Just three months after borrowing $12.8 billion to pay for hospital operator HCA Inc. in November, Kohlberg Kravis Roberts & Co. and its partners negotiated a new loan with lower rates. Schwarzman, chief executive officer of Blackstone Group LP, is doing the same for a $3.5 billion loan that financed the takeover of Freescale Semiconductor Inc., the mobile-phone-chip maker.
Leveraged buyout firms are leading borrowers refinancing $64 billion of loans so far this year, more than in all of 2006, according to ratings company Standard & Poor's. Banks are giving in and reducing rates because corporate defaults are near all- time lows.
"This is the best loan market for borrowers I have ever seen,'' said Kenneth Moore, a managing director at First Reserve Corp., a private equity firm in Greenwich, Connecticut, that manages more than $12.5 billion and specializes in buying energy companies.

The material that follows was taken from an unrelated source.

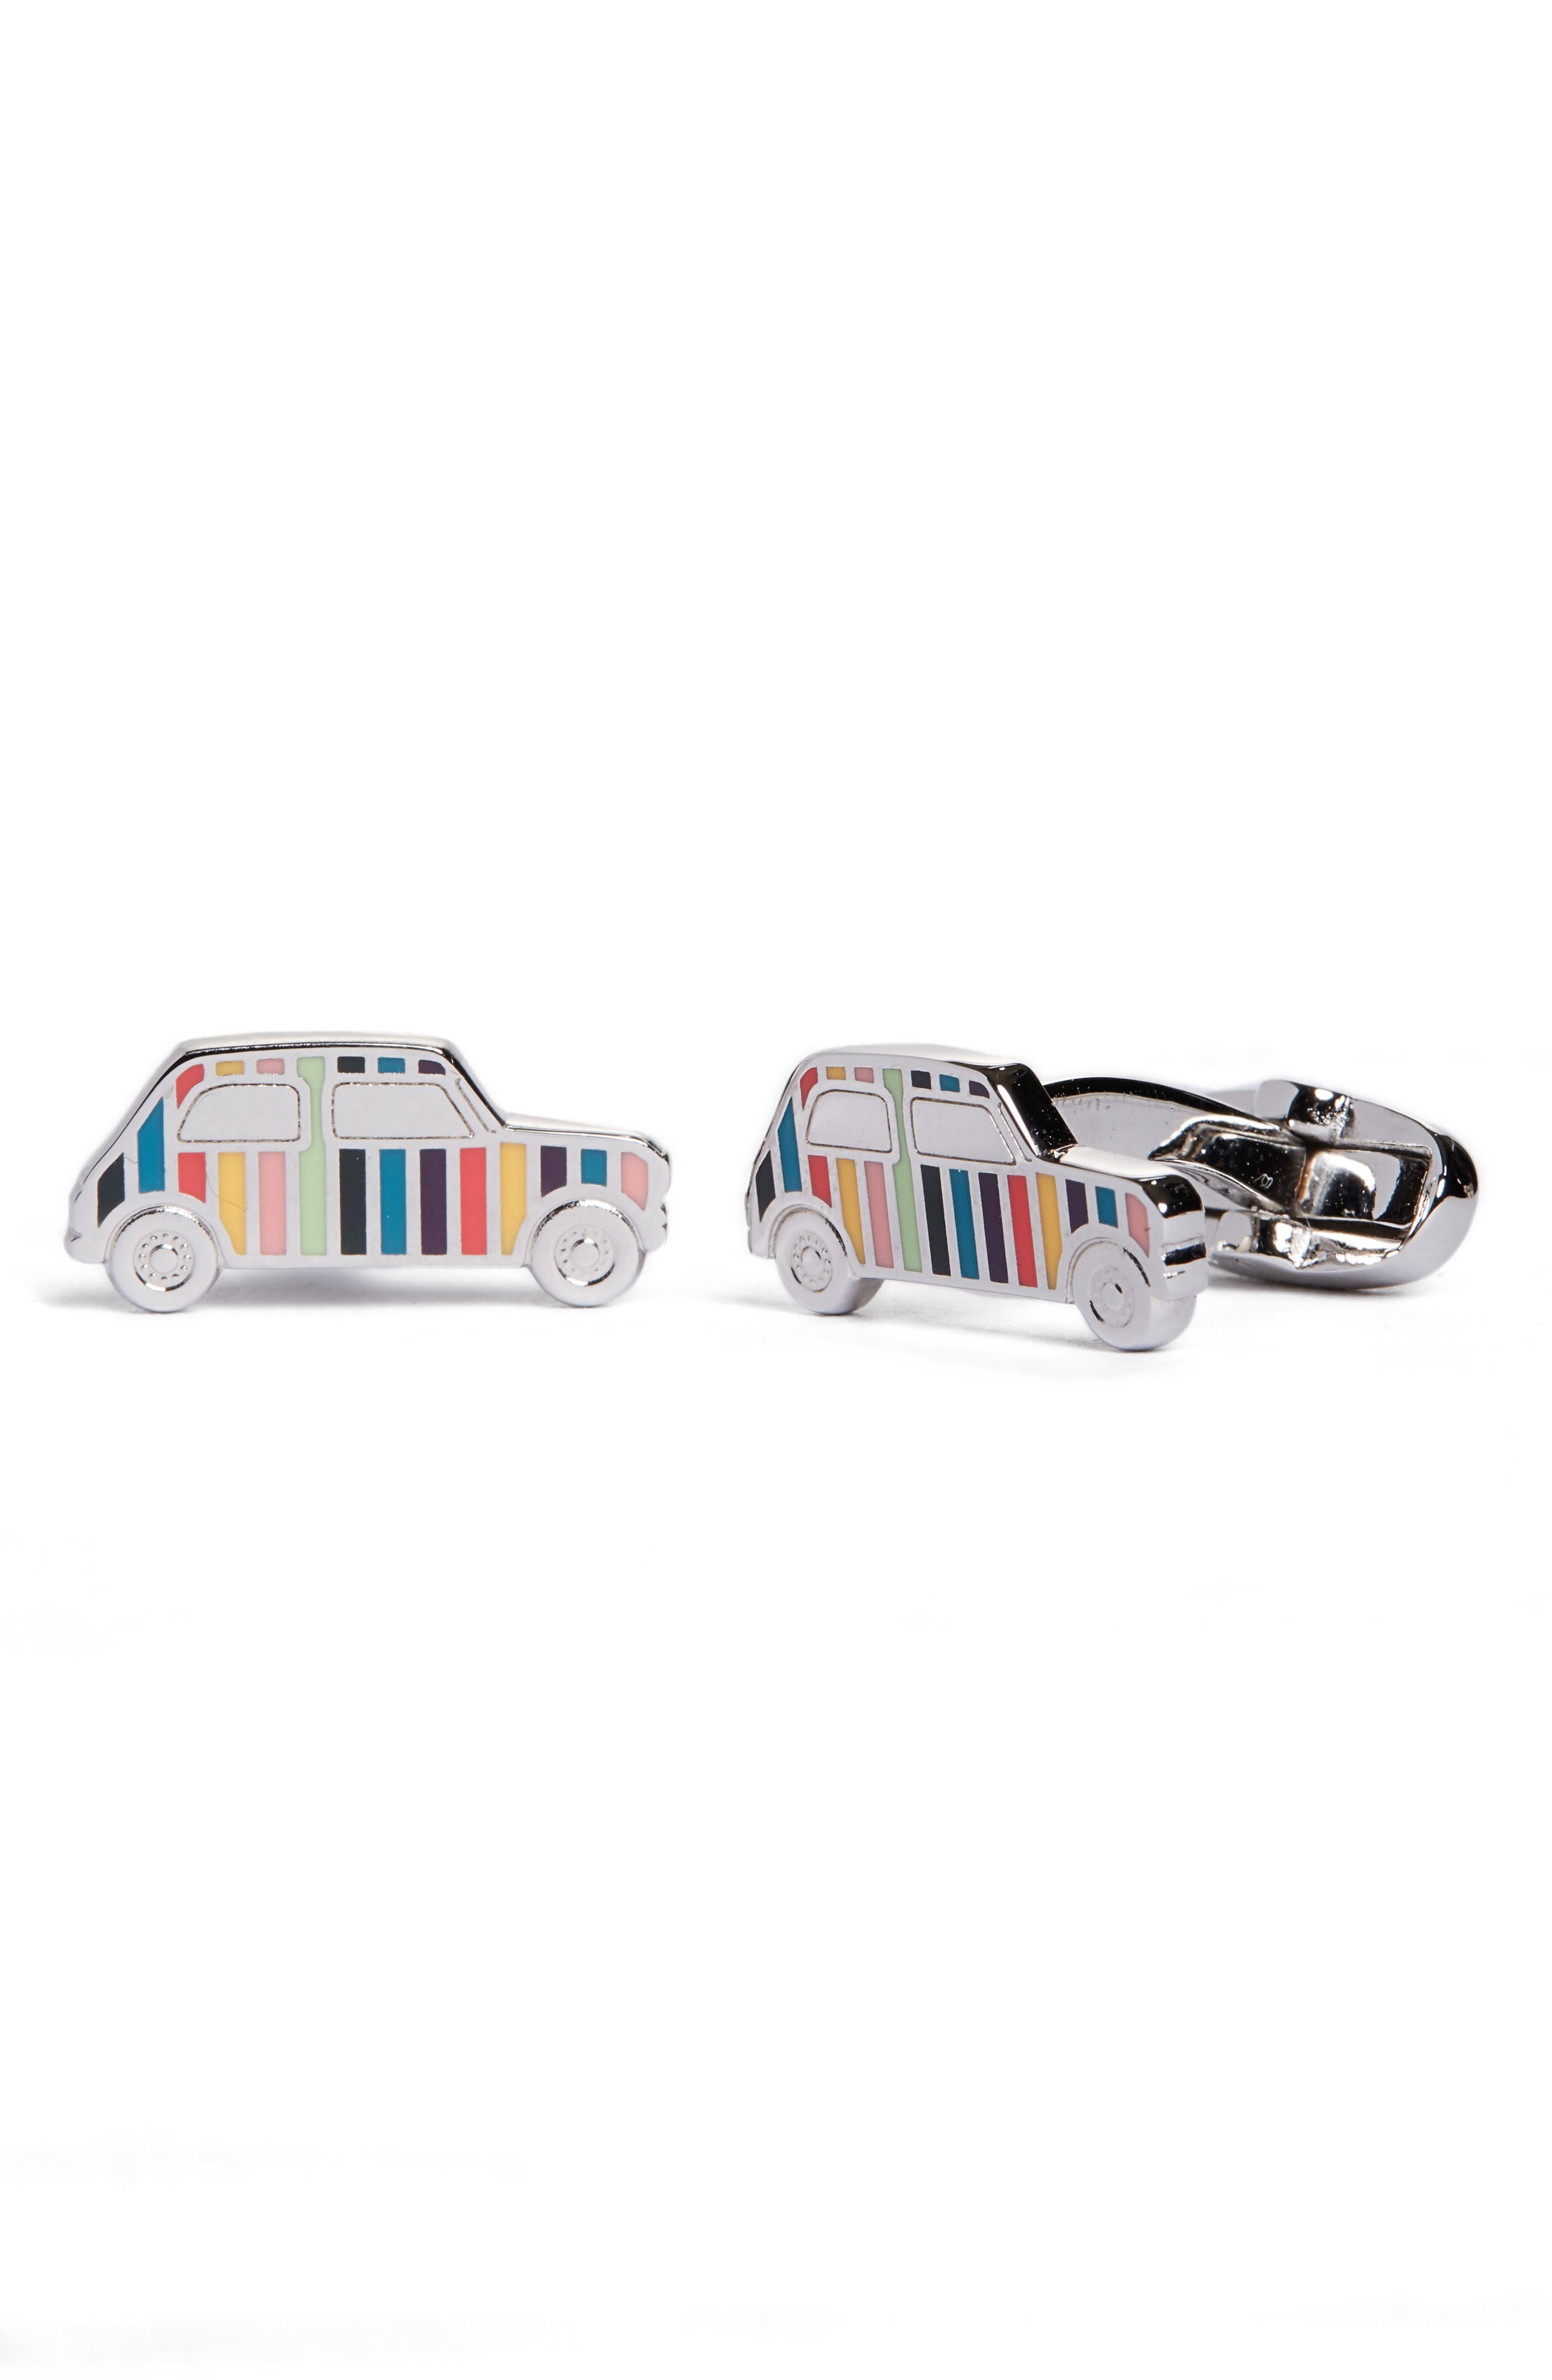 Enamel Stripe Car Cuff Links,                         Main,                         color, Metallic Silver
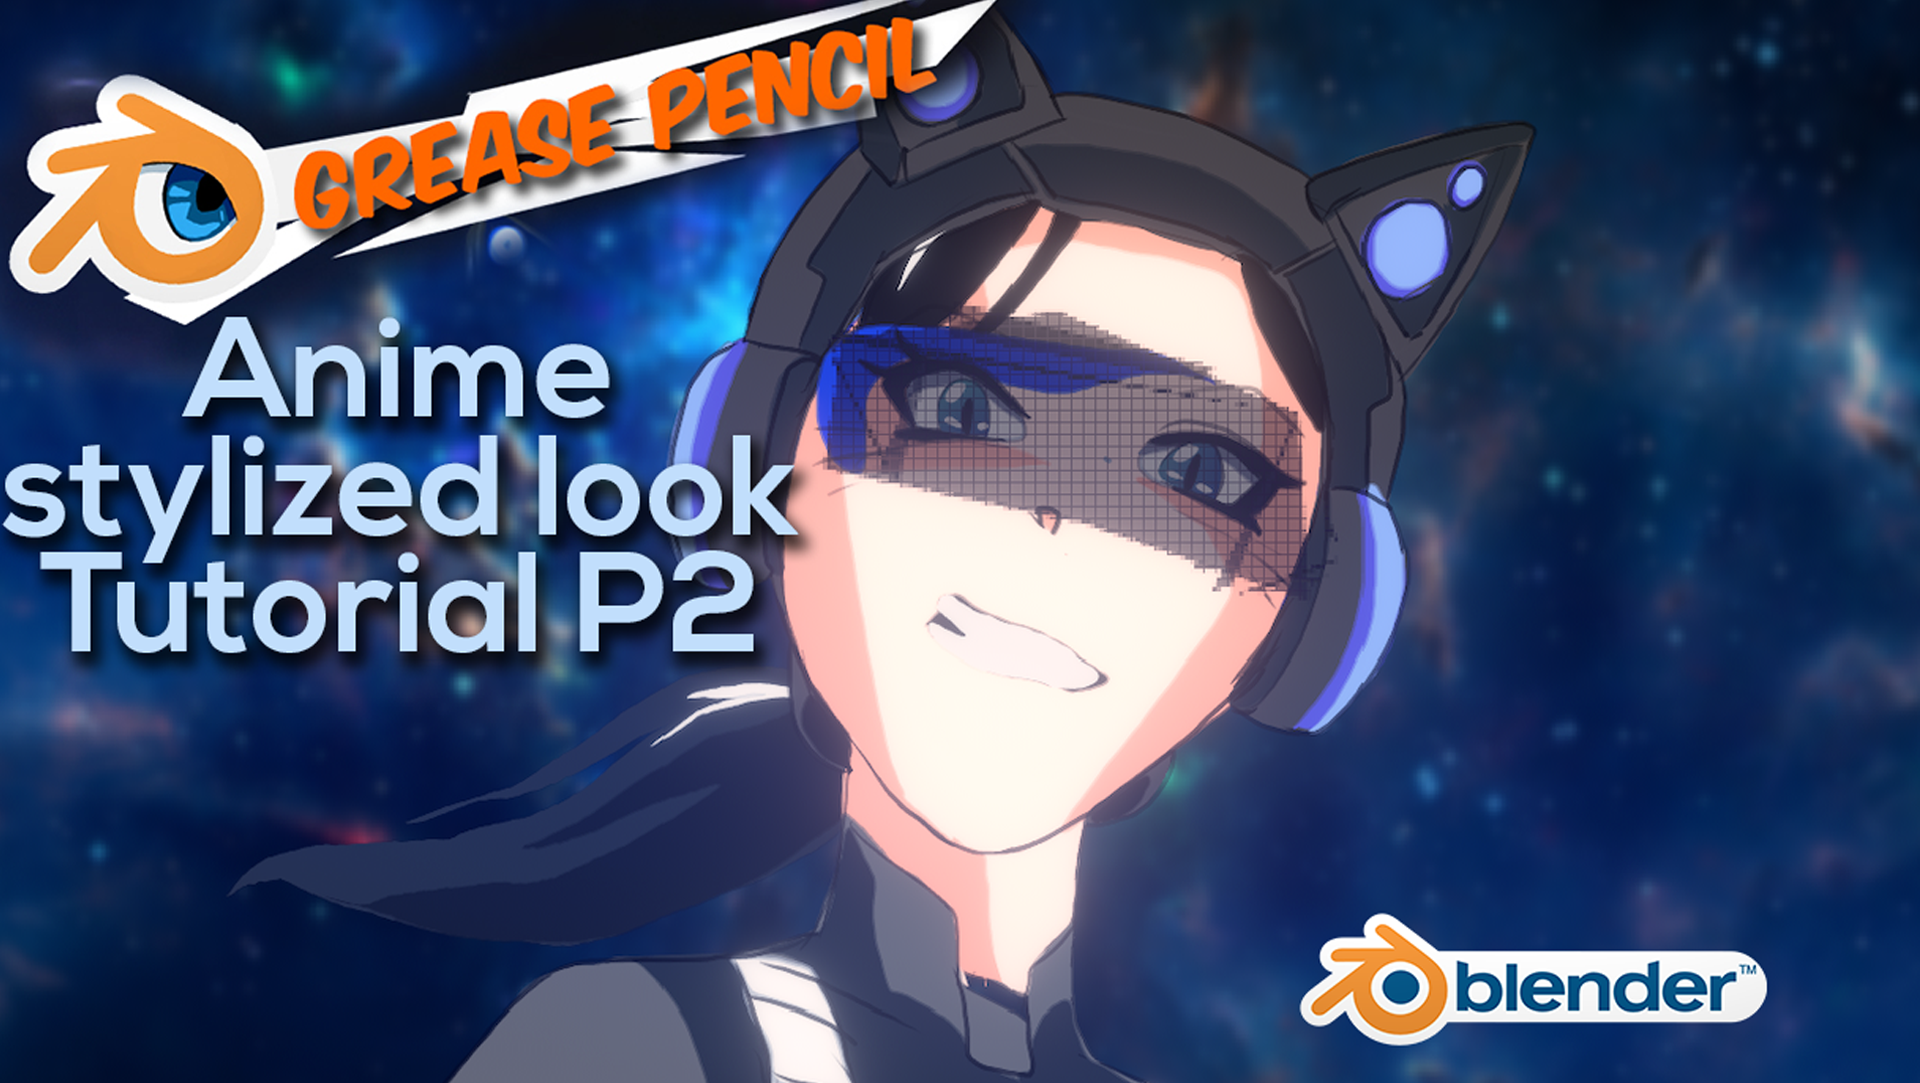 Anime stylized look in Blender grease pencil Neko girl

Loans for companies rated four or five levels below investment grade yielded an average 2.26 percentage points more than the three-month London interbank offered rate in the week ending Feb. 15, S&P says. That gap over Libor, a lending benchmark, was the smallest ever and compared with more than 4 percentage points in 2003. The difference saves $17.4 million a year for every $1 billion a company borrows.

Oh. If you're keeping score at home, put another mark down under the column for "Private Equity Not In Trouble."